The exhibition favored Warhol’s “Ladies and Gentlemen” series of drag queen portraits (1975), Christopher Makos’s “Altered Images” series of Warhol himself in drag (1981), Mapplethorpe’s photographs of rock musician Patti Smith (1975-1986) and his “Lady : Lisa Lyon” female bodybuilder series (1983). Patti Smith’s book Just Kids (2011), which narrates her eventful years with Mapplethorpe, is strongly recommended. There are highly interesting pictures of Marsha P. Johnson [7, 64], African American drag queen extraordinaire, Stonewall riot vet, gay lib activist and muse.

The subjects included Bob Colacello, transgendered actress Candy Darling and Grace Jones [152-153]. The exhibition lasted from October 17, 2015 to January 24, 2016, and boasted approximately 100 tremendous exhibits. There is a portrait of Amanda Lear by Mapplethorpe dating back to 1976. Although she has been known to lie about her age (among other things), I know she was 37 [99]. She is wearing a studded leather jacket, gypsy earrings and a gold chain with a star (her own, no doubt). By then she had appeared in one television series, one movie, and had released two singles. This was before her international career as a singer, actress, television host, painter and writer. But she had already made quite an impact as a supermodel in the 1960s and early 1970s, turning up everywhere alongside people like The Beatles, The Rolling Stones, David Bowie, or Roxy Music, as well as serving as Salvador Dalí’s muse. The unsuspecting viewer / reader might wonder why she is featured in Guys & Dolls, but that would be because the said viewer is not aware of the decades of international mystery surrounding the possible original male sex of Lear (she spends a great deal of time denying the “rumor” these days). As an ambiguous rock ‘n’ roll chick (before she turned disco diva), she is right up there with Anita Pallenberg or Marianne Faithfull, and her place here is as logical as the self-portraits of Warhol and Mapplethorpe in drag (deliberately bad drag, often), or the portraits of Grace Jones, logically photographed by both Warhol and Mapplethorpe. Jones has long been the uber androgyne of pop culture (as she herself discusses in her 2015 autobiography, I’ll Never Write my Memoirs).

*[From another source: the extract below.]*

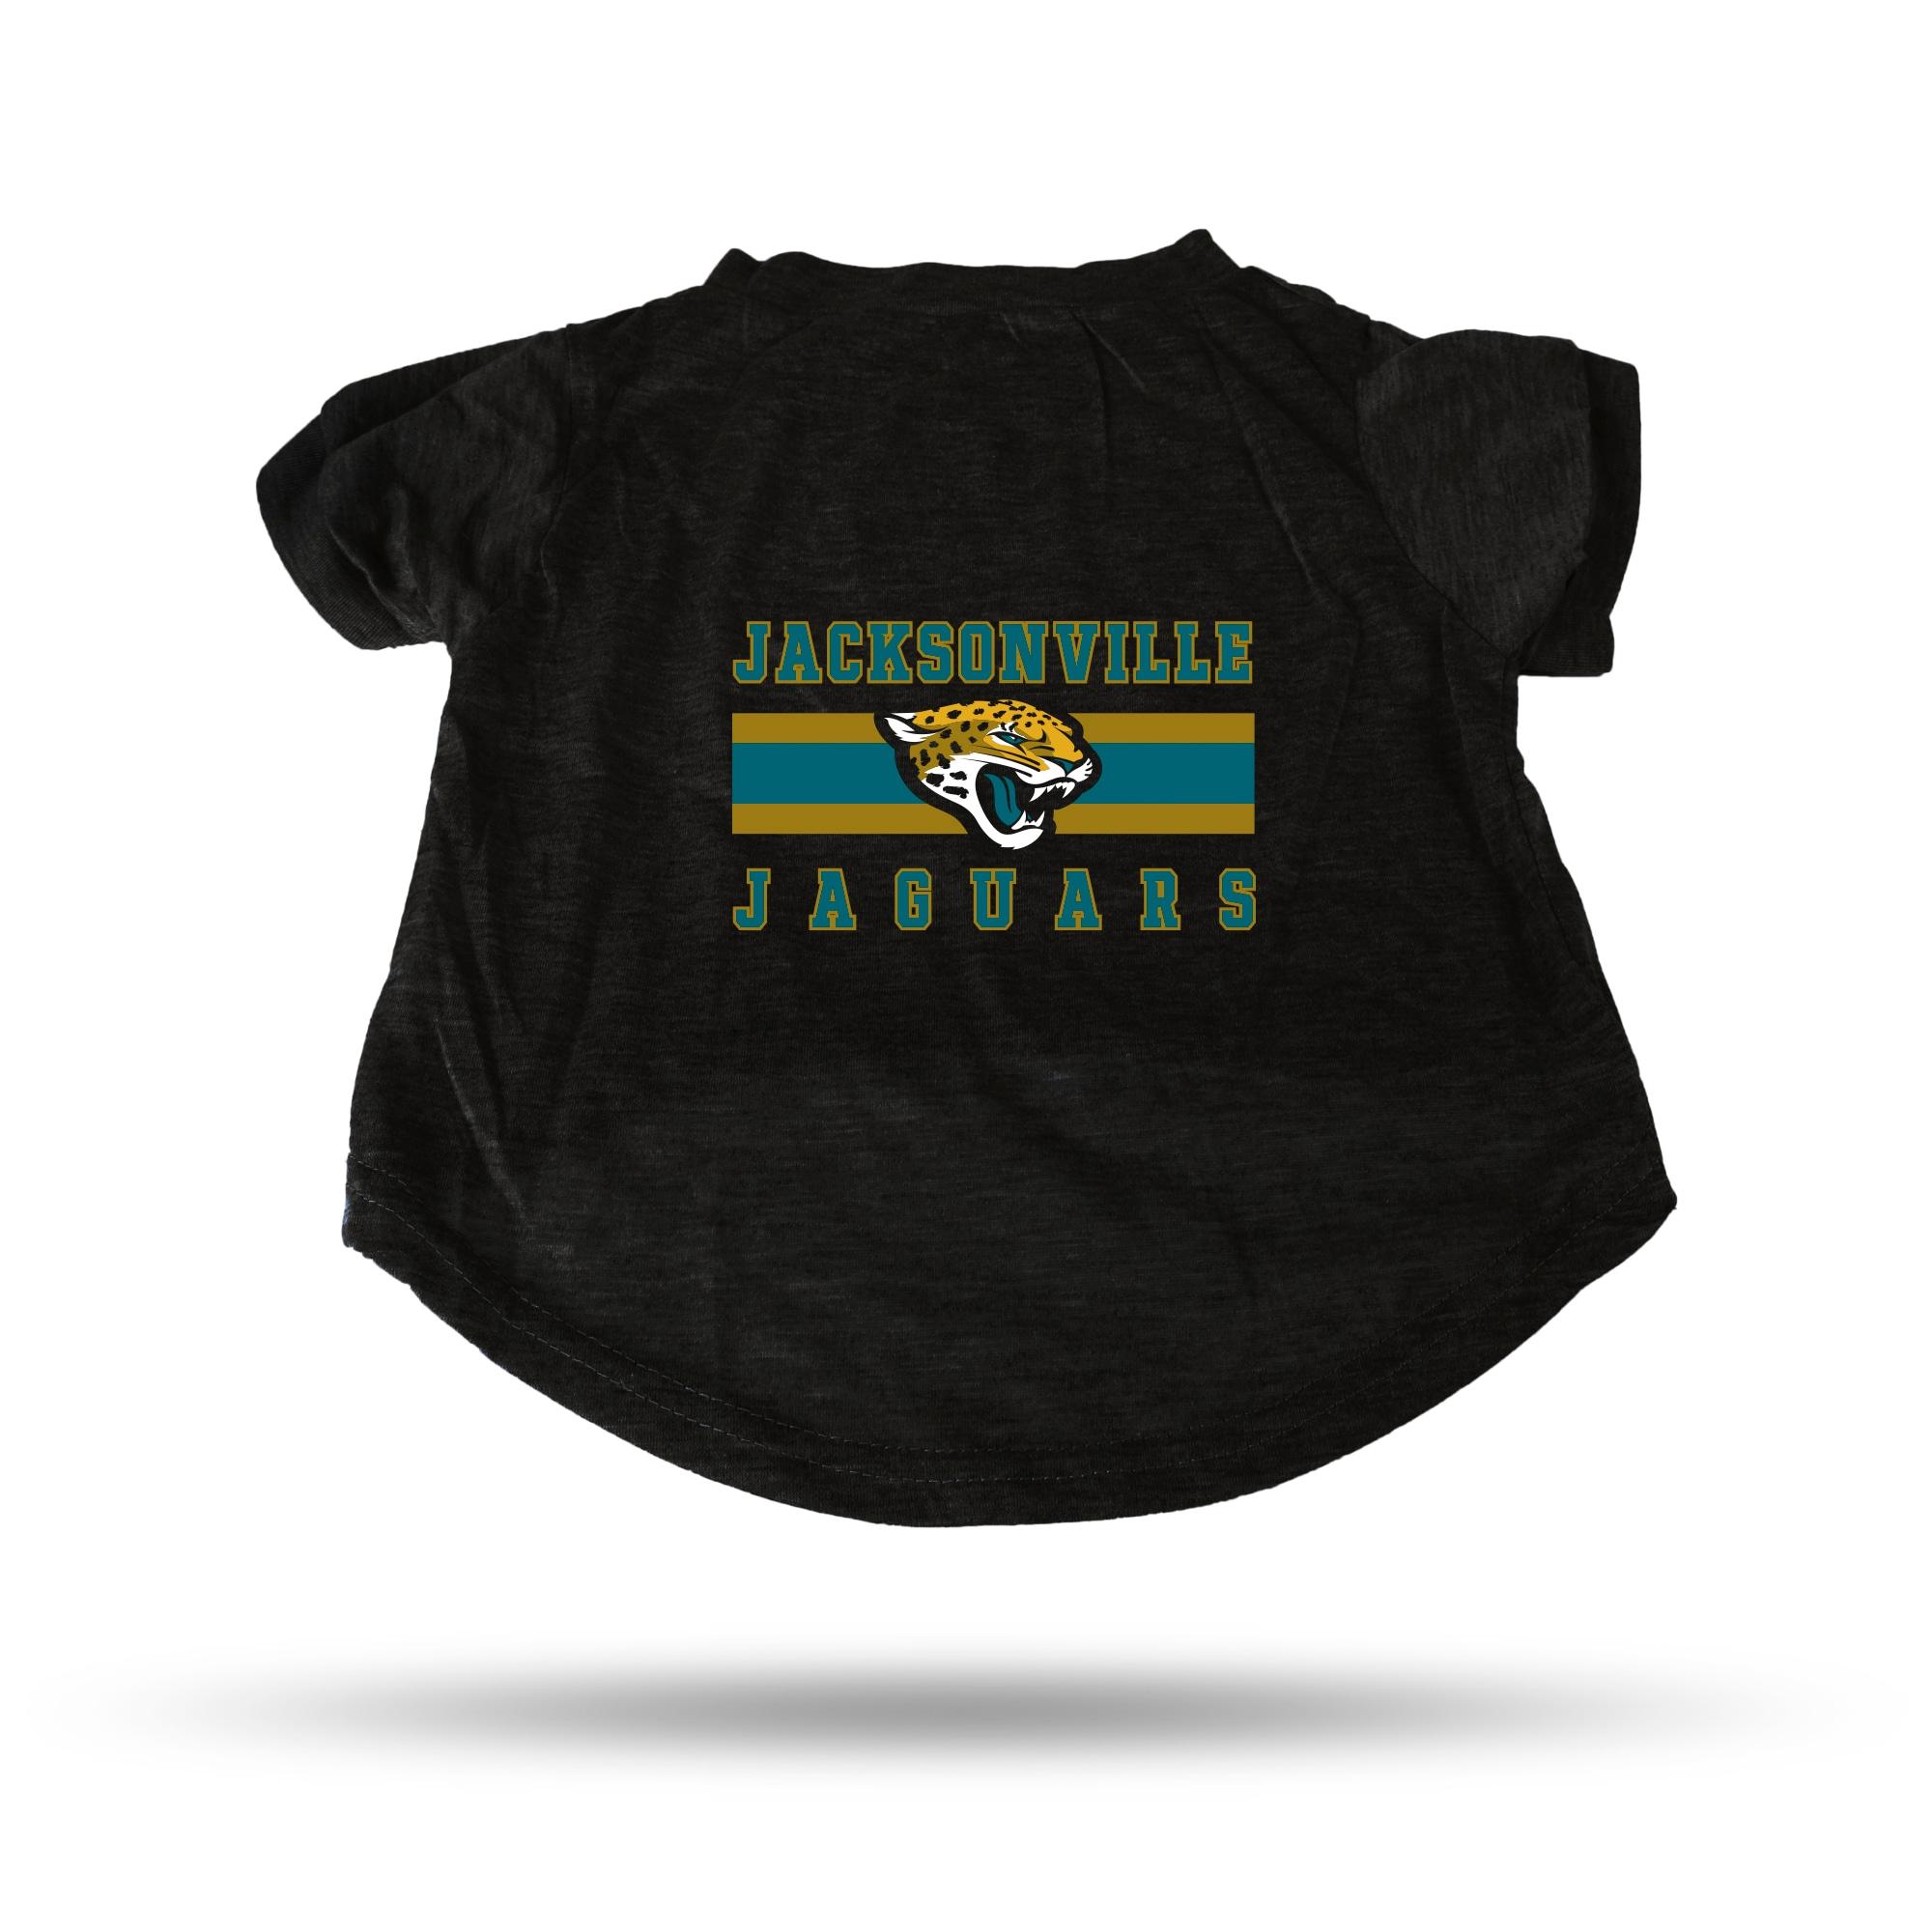 Jacksonville Jaguars Sparo Pet T-Shirt - Black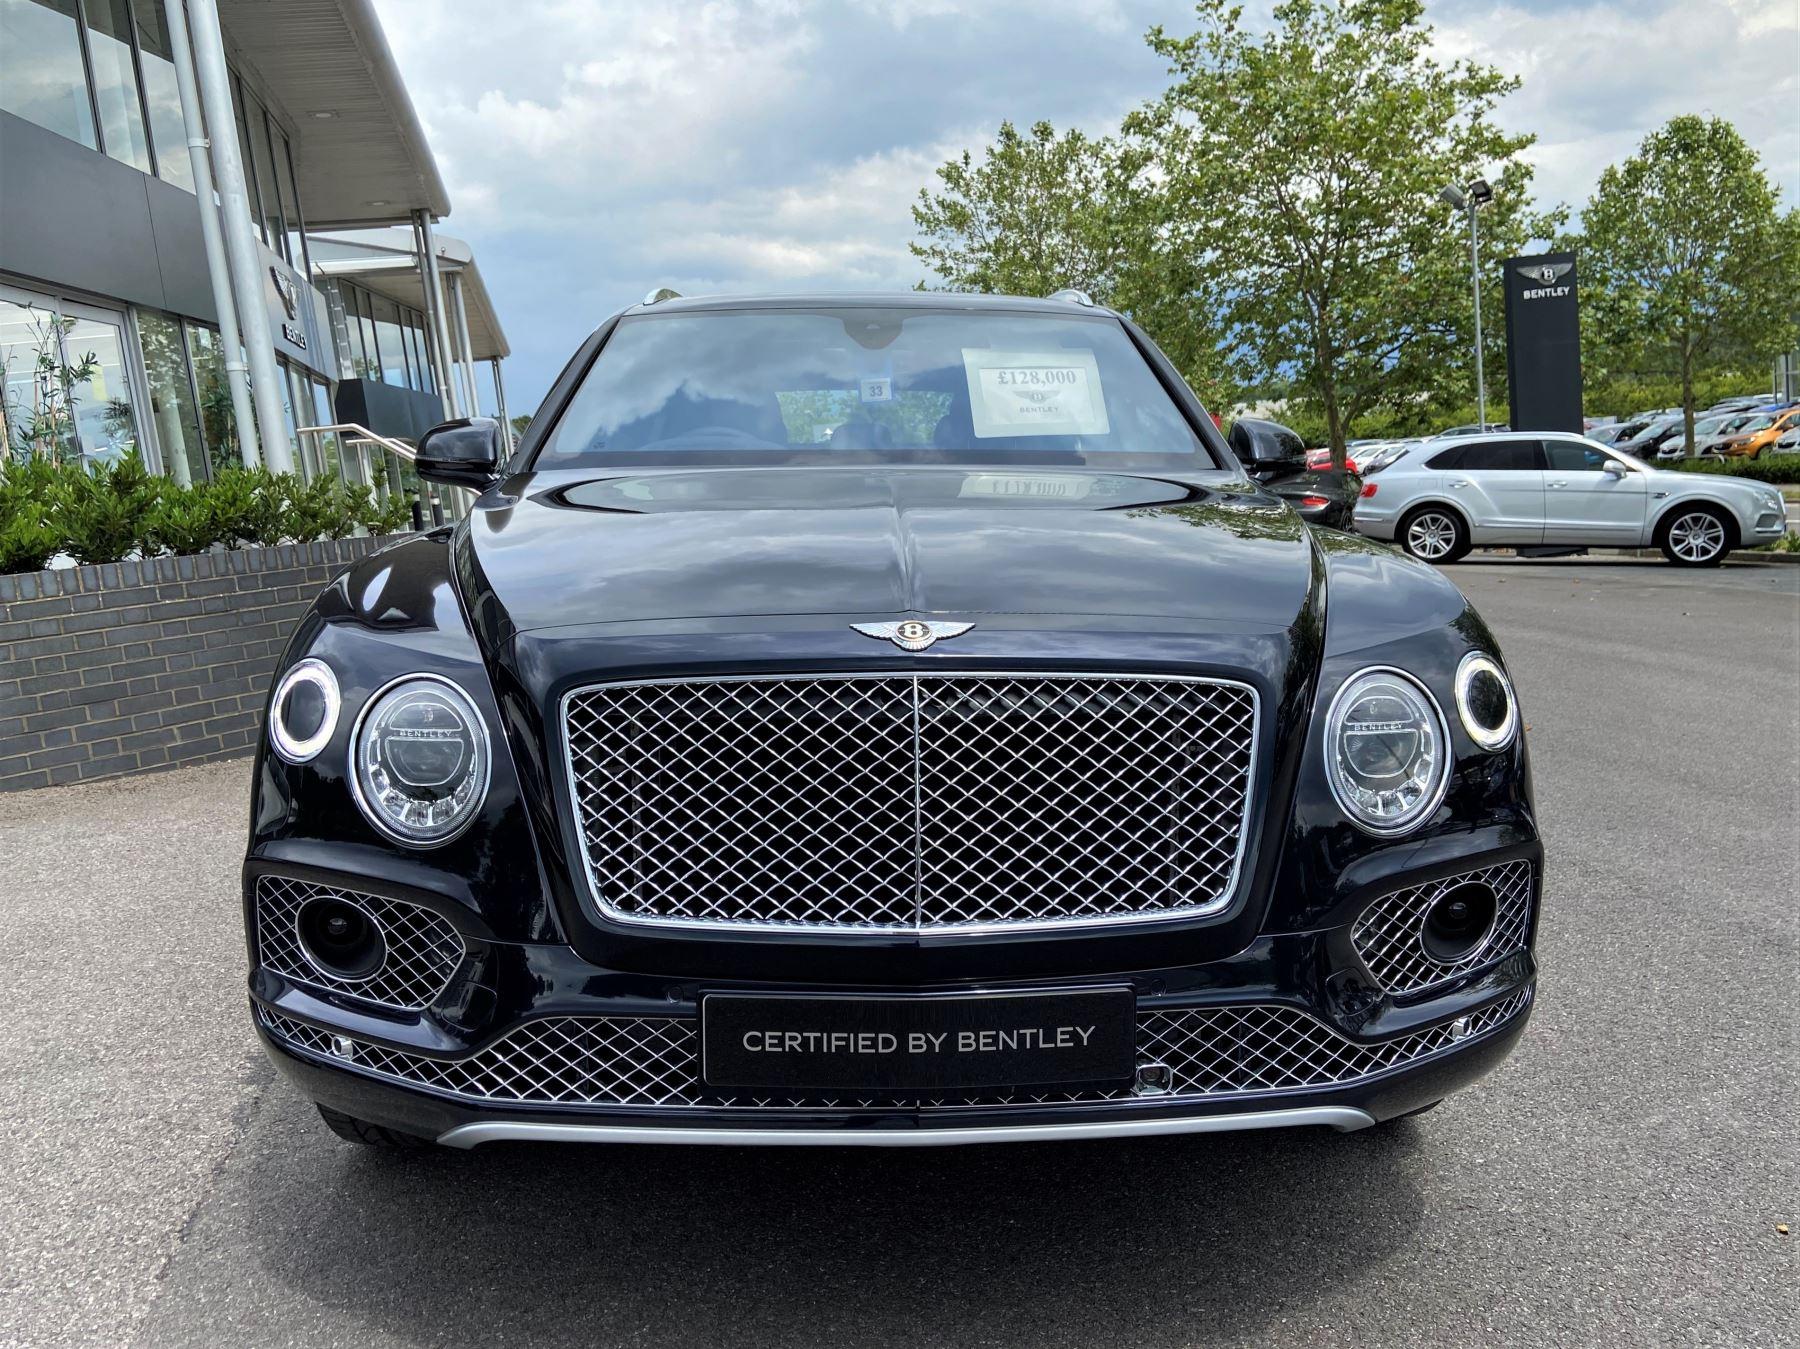 Bentley Bentayga 4.0 V8 5dr Mulliner Driving Specification image 1

My favorite essay in the book is “Warhol’s Surfaces, Mapplethorpe’s Depths,” by Tirza True Latimer, who teaches visual studies at the California College of the Arts in San Francisco. In a few paragraphs, it usefully situates Warhol and Mapplethorpe in the world’s history of portraiture, then reminds us of a few simple but capital facts:


Warhol’s portraits oftenexplicitly acknowledge the artifice of identity. Portraits such as those in the Drag Queen series challenge the photograph’s documentary status. Warhol’s sitters use pose, makeup, and costume to raise questions about “realness.” Warhol framed his sitters against neutral backdrops of the sort used for official ID photos and shot them at close range. The artless frontal lighting reduces relief, giving the faces the appearance of pressing against the picture plane and contributing to the overall effect of flatness. The Polaroid Big Shot camera Warhol used also flattened the field of the image. He submitted many of the Polaroids to painterly interventions, using his trademark photo-silkscreen technique to blow up and reproduce them in nonnaturalistic colors on linen supports. The silkscreen process eliminates nuances to further minimize the illusion of depth (and thus realism). [36]


The cover of the book is a perfect choice, it is a 1983 portrait of Mapplethorpe, black and red and historic, with the artist looking at us in the eye as if to defy us to peruse the book and stumble upon the well-known Patti Smith quote: “As far as I’m concerned, being any gender is a drag.” Strongly recommended for gender studies scholars, art historians, and Warhol and / or Mapplethorpe aficionados.